- [WHAT YOU WILL DO]: If a line below falls between the line with "1-soft-powder" and the line with "Venini Zoe Small", or is one of those two, output it exactly; output nothing else and no pictures.

- [GIVEN ENTRIES]:
<<<<

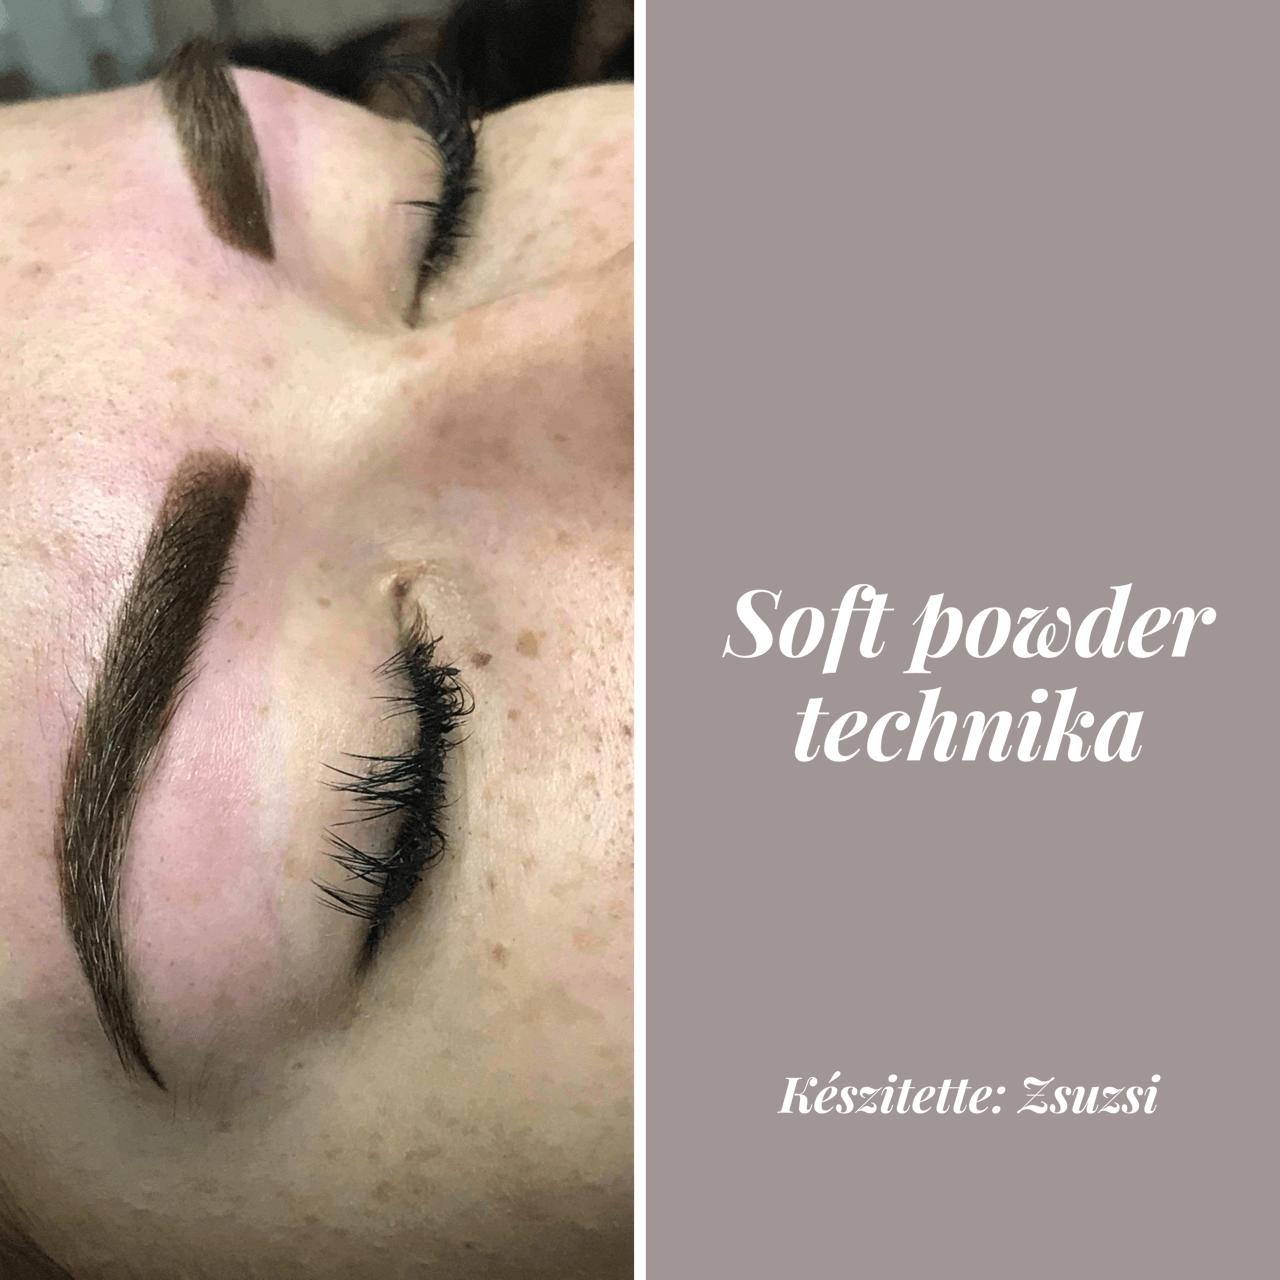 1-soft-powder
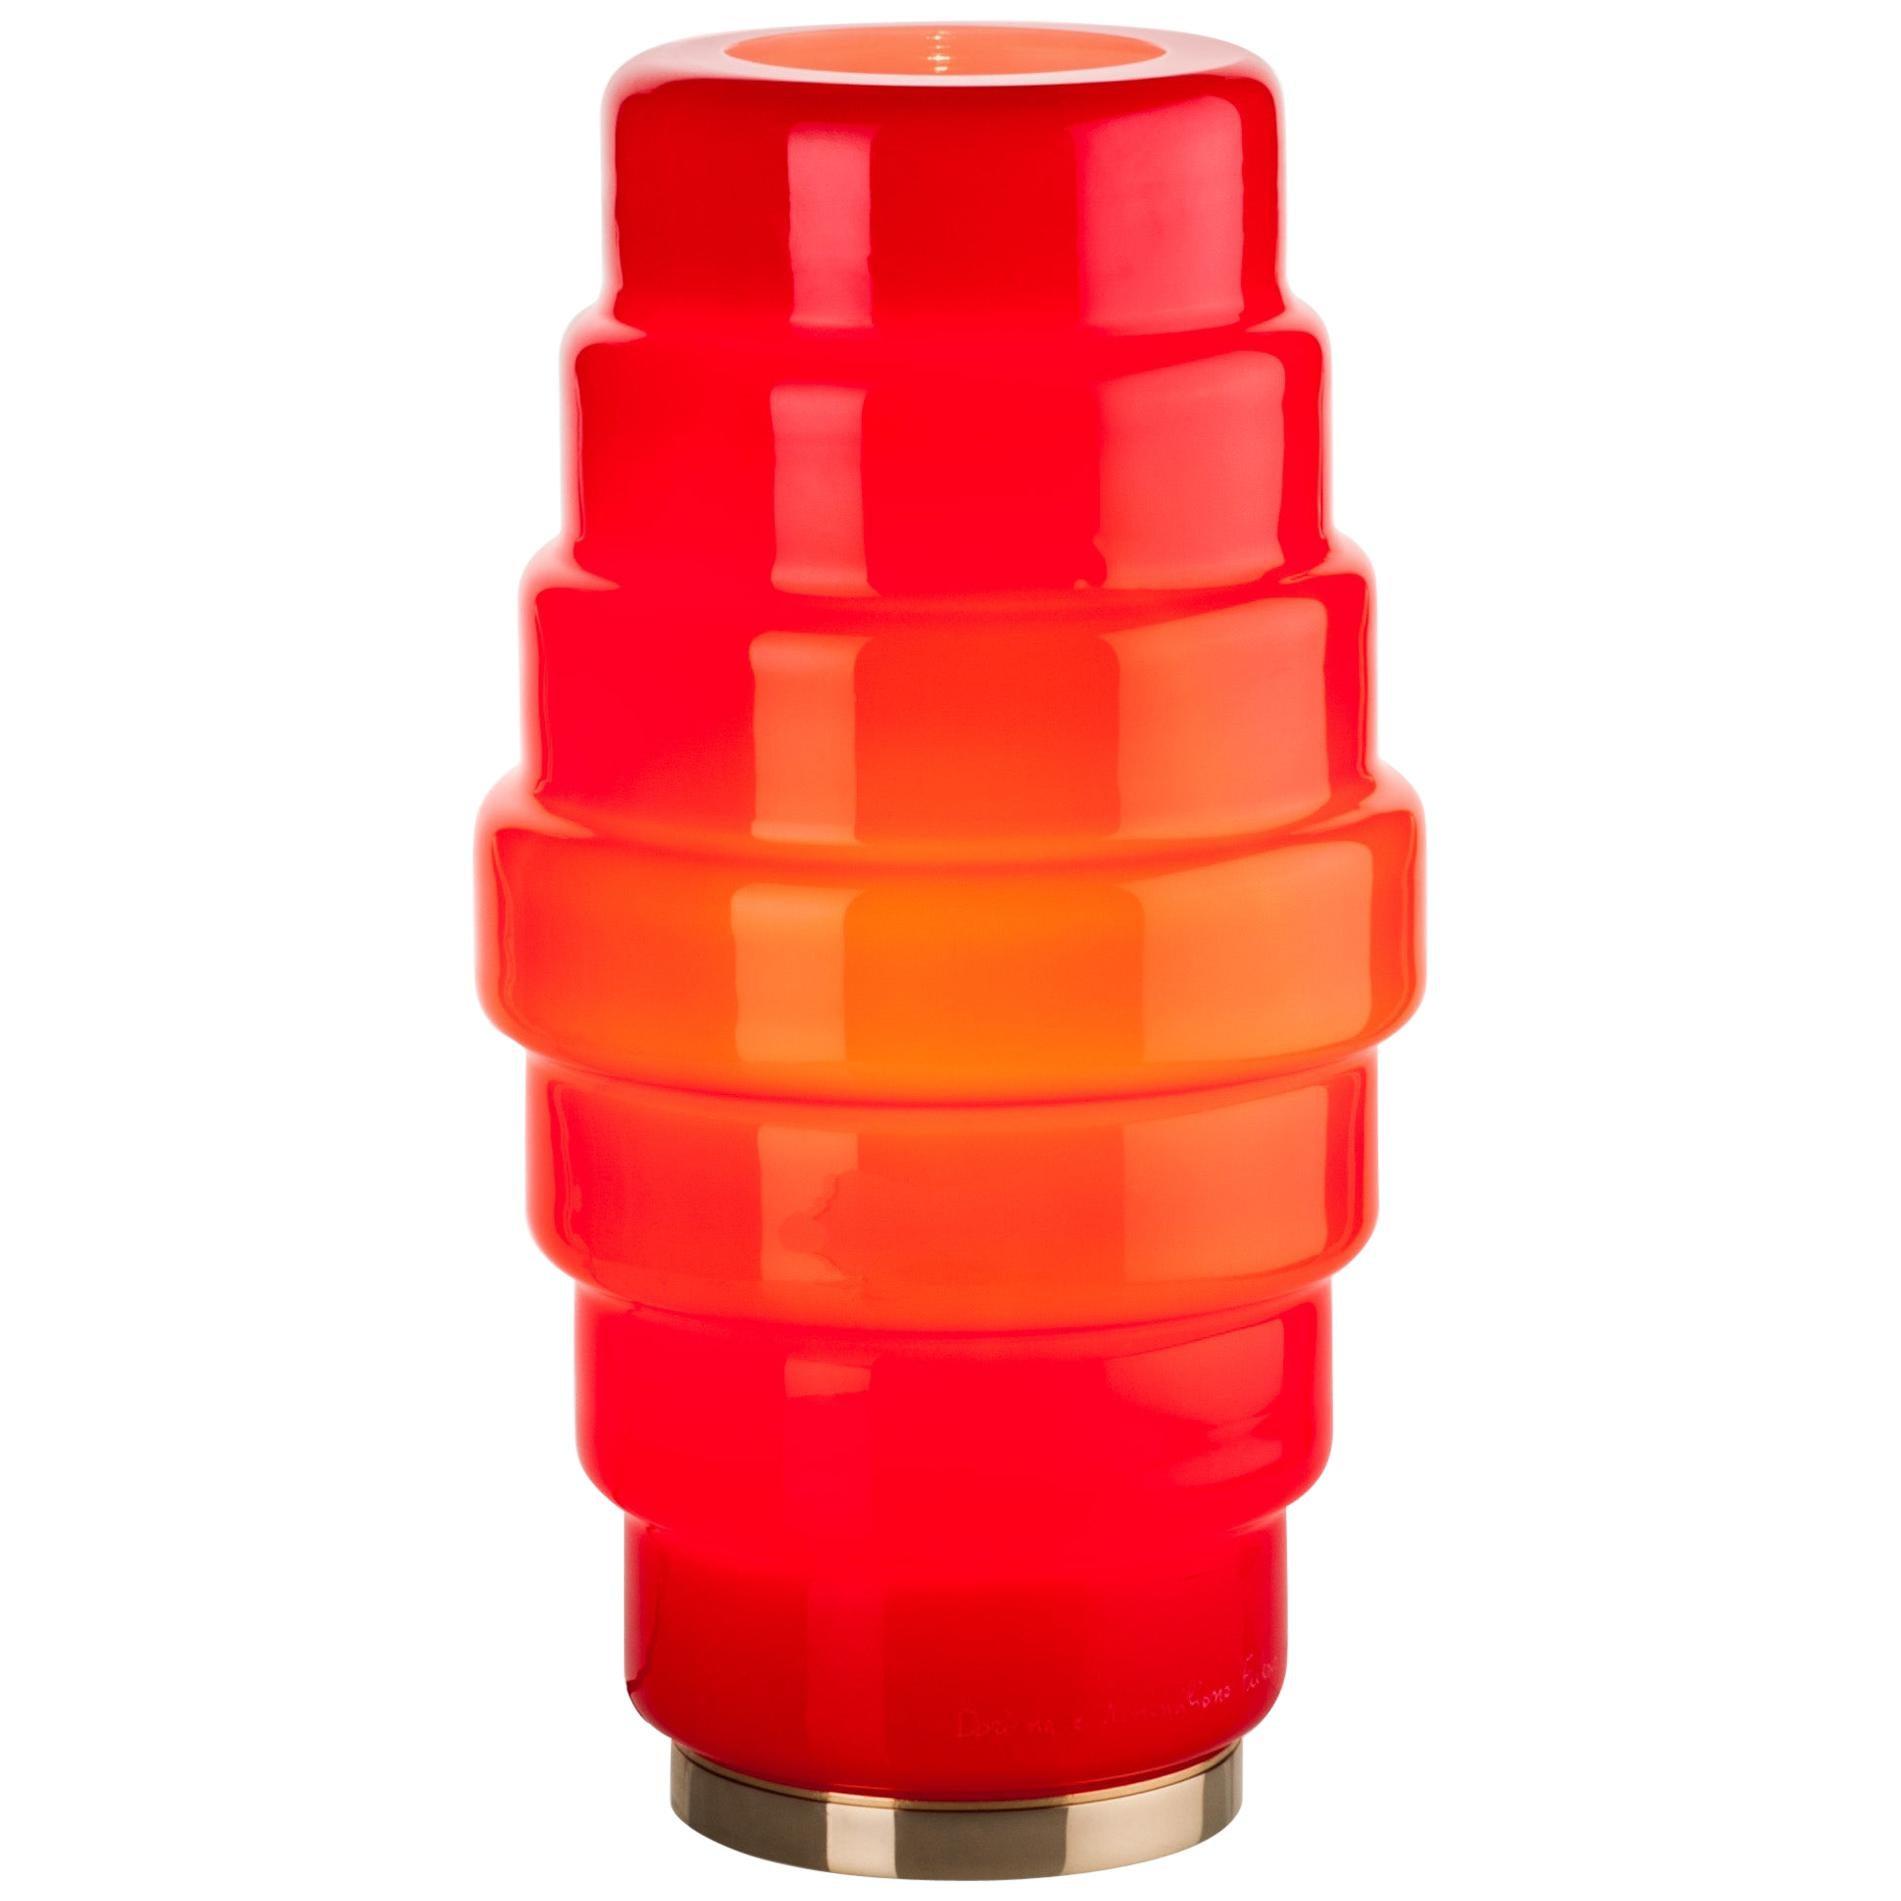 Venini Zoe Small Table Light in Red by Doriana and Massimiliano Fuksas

>>>>
<<<<

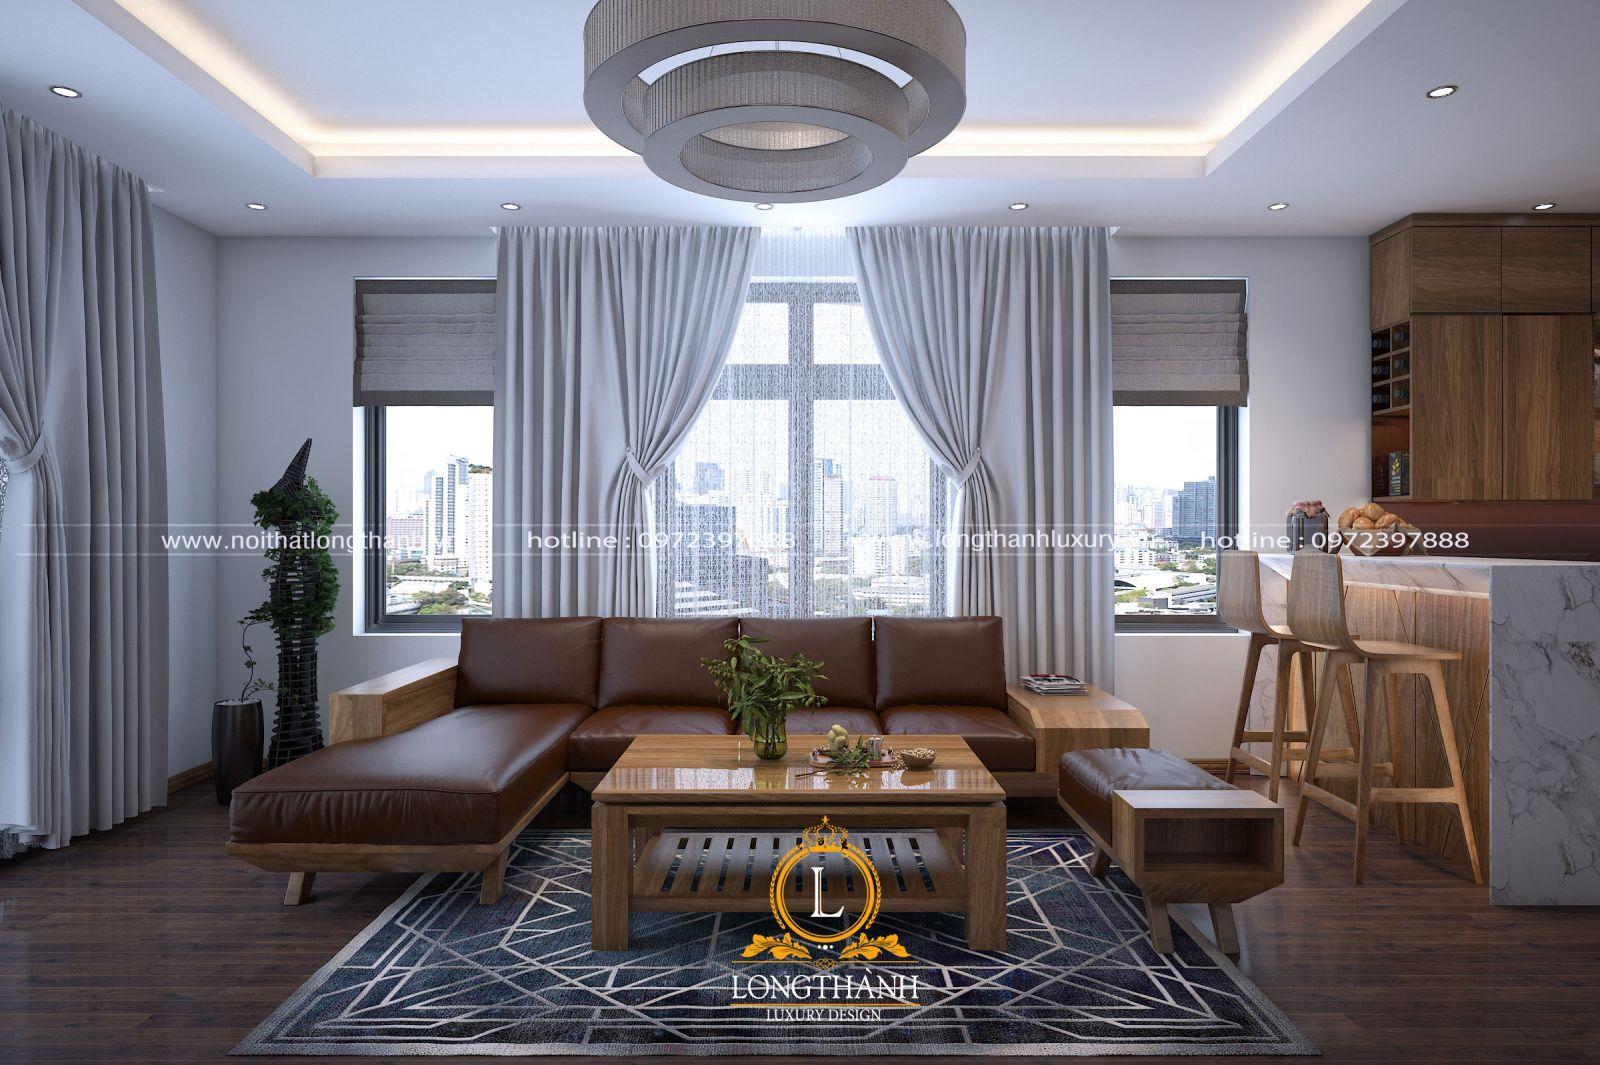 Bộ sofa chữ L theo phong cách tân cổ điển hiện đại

>>>>
<<<<

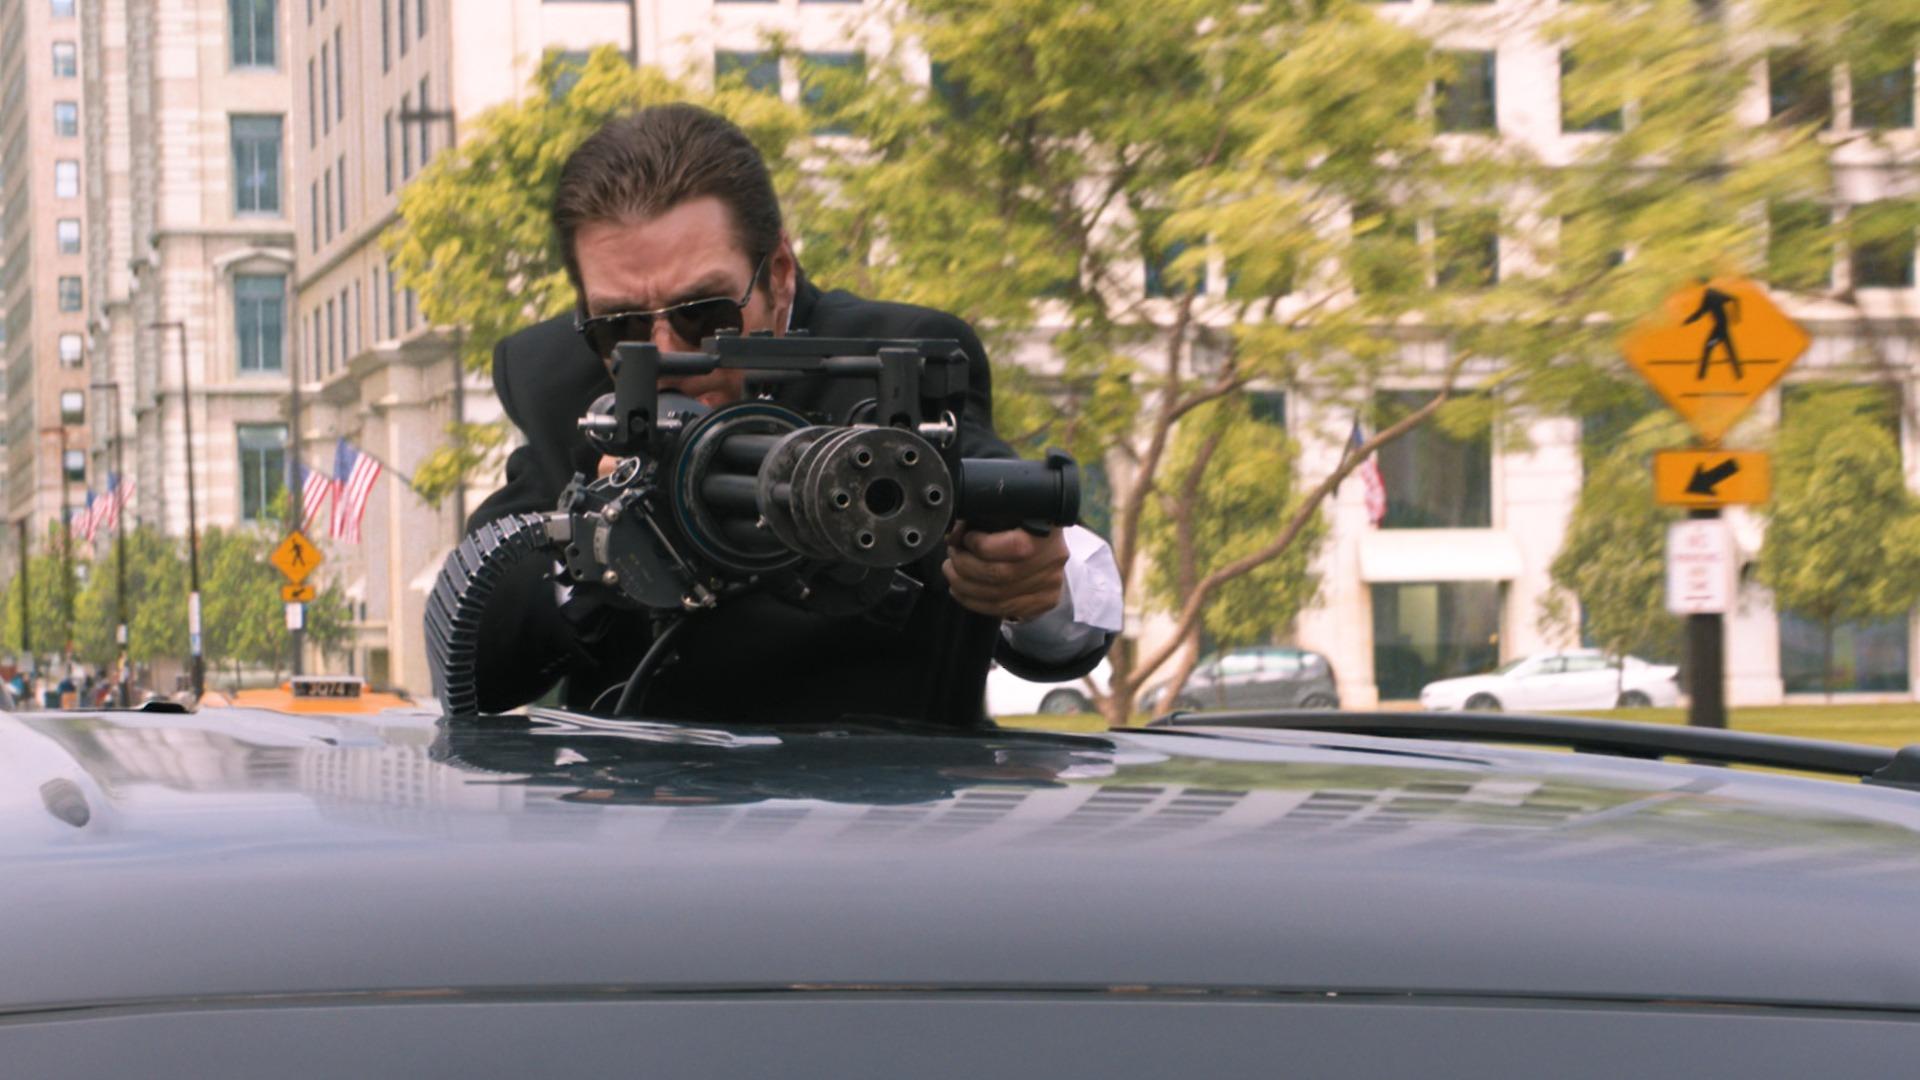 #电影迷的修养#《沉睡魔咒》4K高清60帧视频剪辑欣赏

>>>>

- [EXERCISE RESPONSE]:
 1-soft-powder
 Venini Zoe Small Table Light in Red by Doriana and Massimiliano Fuksas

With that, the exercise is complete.